I agree as far as retail day trading options. I think it is a waste of time and it is a flipping game at best. The daily ups and down with the countless variables, it almost impossible to apply any reasonable strategy on a daily basis.
But who really knows who is on the otherside of a contract, and what their motivation is for trading that option. IMO there is no boogeyman out to get you, it is all about the person's trading plan and goals. The market is much more complex, external factors and the underlying are most important not who is on the other side of a contract.
Volatility is good for the market and trading.
Preservation of capital is the most important concept for those who want to stay in the trading game for the long haul. - Van Tharp
this is a question one can read a lot regarding options, futures, forex, etc.
imho the question shouldn't be how much is possible, rather how much effort one is willing to learn and understand things in that context. Sounds boring but without much effort and the understanding of what one is doing the statement that as a trader one is competing against sharks on the other side will turn all the dreams of a big profit into a nightmare. It doesn't matter whether one is competing directly, indirectly, every possibility to have a small piece of the cake is getting exhausted by the other sharks. Just choosing options because people make big money there is not a good base, just choosing futures because one wants to play like a big player without understanding the rules will blow up the account someday.
There's a lot of documents around options on the internet and good threads here also. Beside all the valuable information the most important thing is to try to understand the things and not just copy them. I remember 2015 with lots of discussions on selling options and people trying to emphasize some major drawbacks on a possible market turn. Caramba, the crash came and people got silent ... very slowly reconsidereing their original trading-idea (which was "flawless" a while before) with the conclusion they were wrong but only beaten on one eye, not knocked out. I've seen this here, on reddit, tastytrade, etc, people turning it the way they want it to be not open for things outside their range of calculations, until the market is teaching that things can change and this can happen damn fast.

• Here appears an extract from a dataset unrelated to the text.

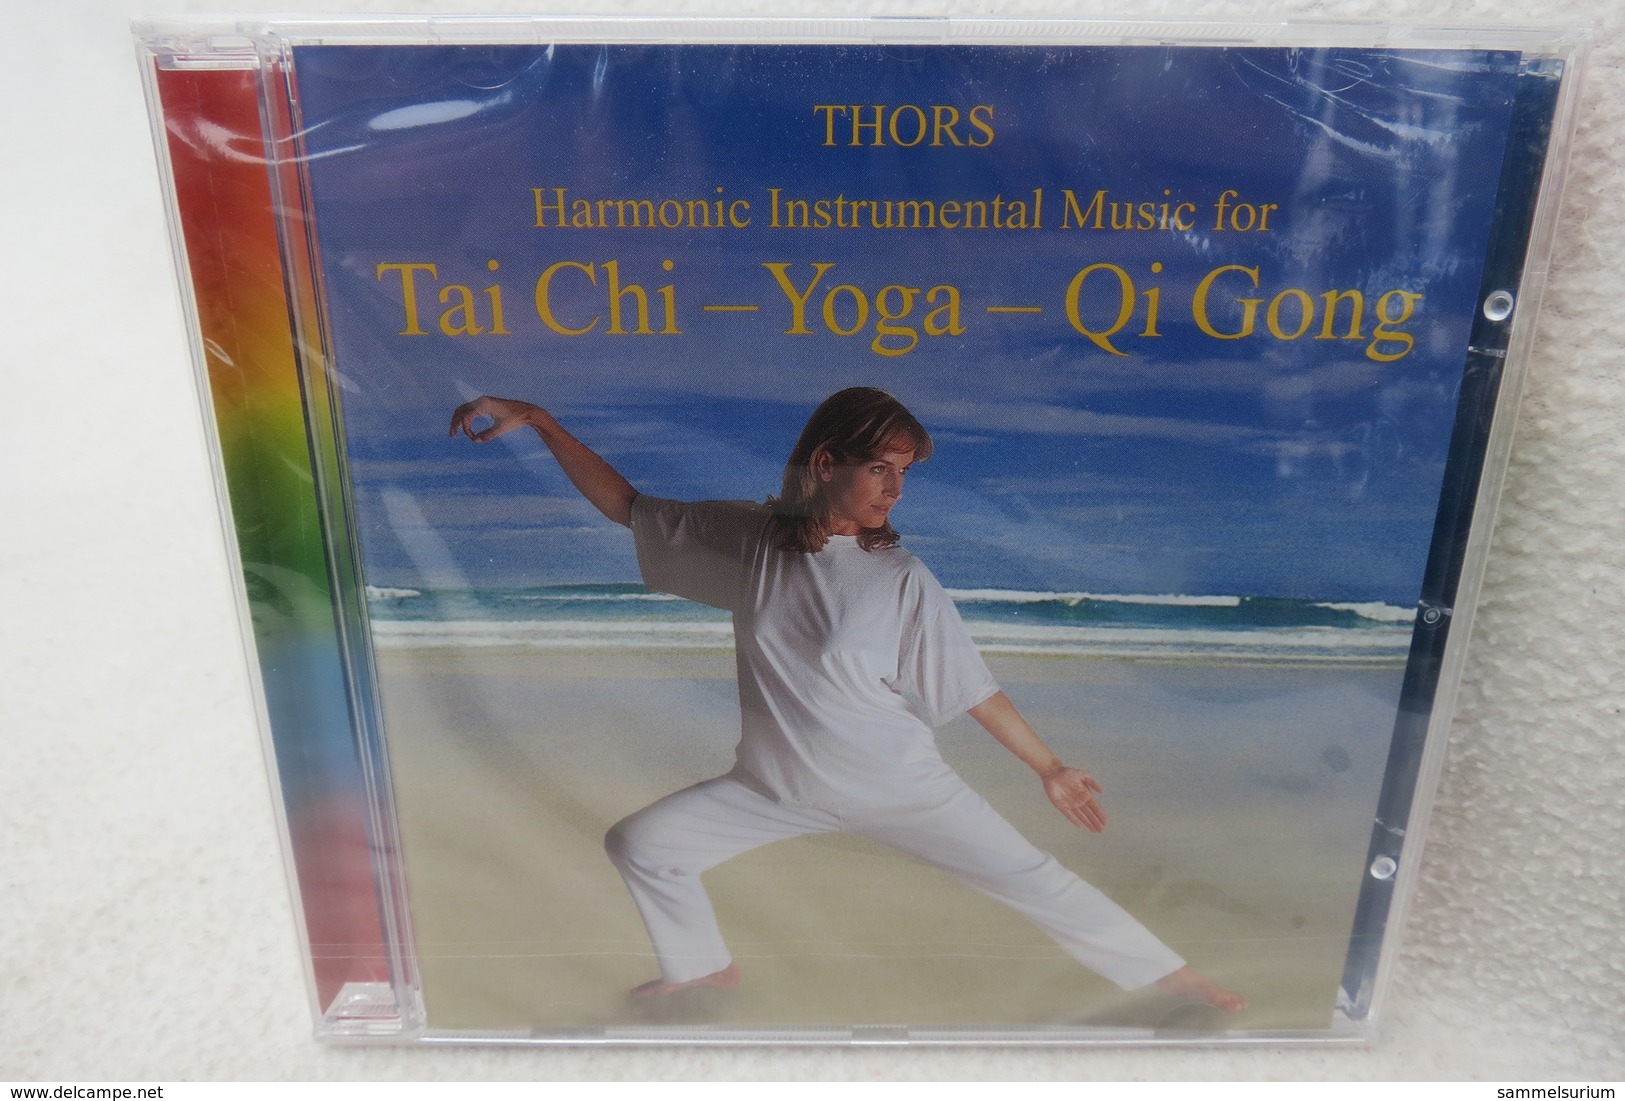 CD "Thors" Tai Chi - Yoga - Qi Gong" Harmonic Instrumental Music (noch Orig. Eingeschweißt) - Instrumental
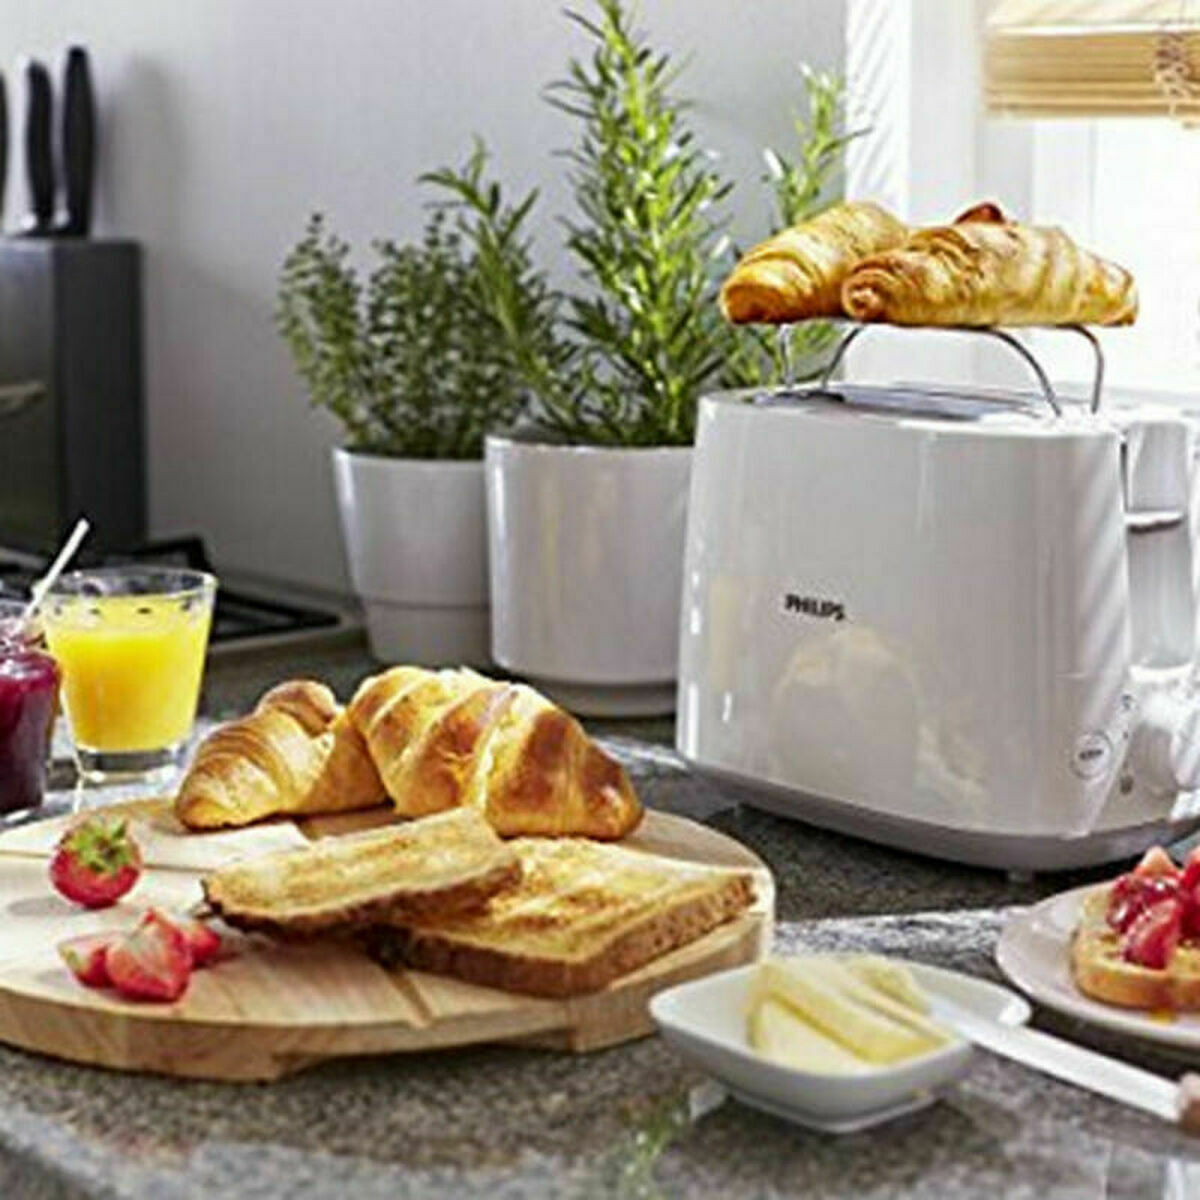 Toaster Philips Tostadora HD2581/00 2x 850 W

Knowing that things are never perfect and knowing that one was wrong during the last big crash in 2015 after rejecting all advises and contrary words, then risking the own existence thinking this time one is entirely in charge is something everyone has to consider for hisself. No big deal being wrong in stocks, regarding options on futures for example you can't be wrong that often, it would kill you. So just following the crowd and jumping on the hot-things without having your own understanding and your own adjustment for your risk you are willing to enter would be not the best start.
So learning about options you'll learn that it's possible to earn loads of money but the same applies for the other side. Imho the amount of money you can earn shouldn't matter at all. The risk-reward-ratio one is able to achieve constantly is more important. Selling options the premium can be sometimes depressing compared to trading futures, especially being way longer in the market than with trading intraday a future. People often forget about this. The shorter the time you are in the market risking your house, the less likely it will kill you.
So for me I decided to do my Fx and Future-trades and the money I put aside is used for selling options, instead of earning almost no interest on a bank. I forgot to make millions with options, regularly selling options with a nice return without risking my existence is better for me.
If you've got a ton of money and can hire a bunch of sophisticated traders, you can earn a lot. If you're bootstrapping with some play money.... well, it'll take a while and I don't think you'll get the crazy 200%++ gains you see people throw around on the internet all the time.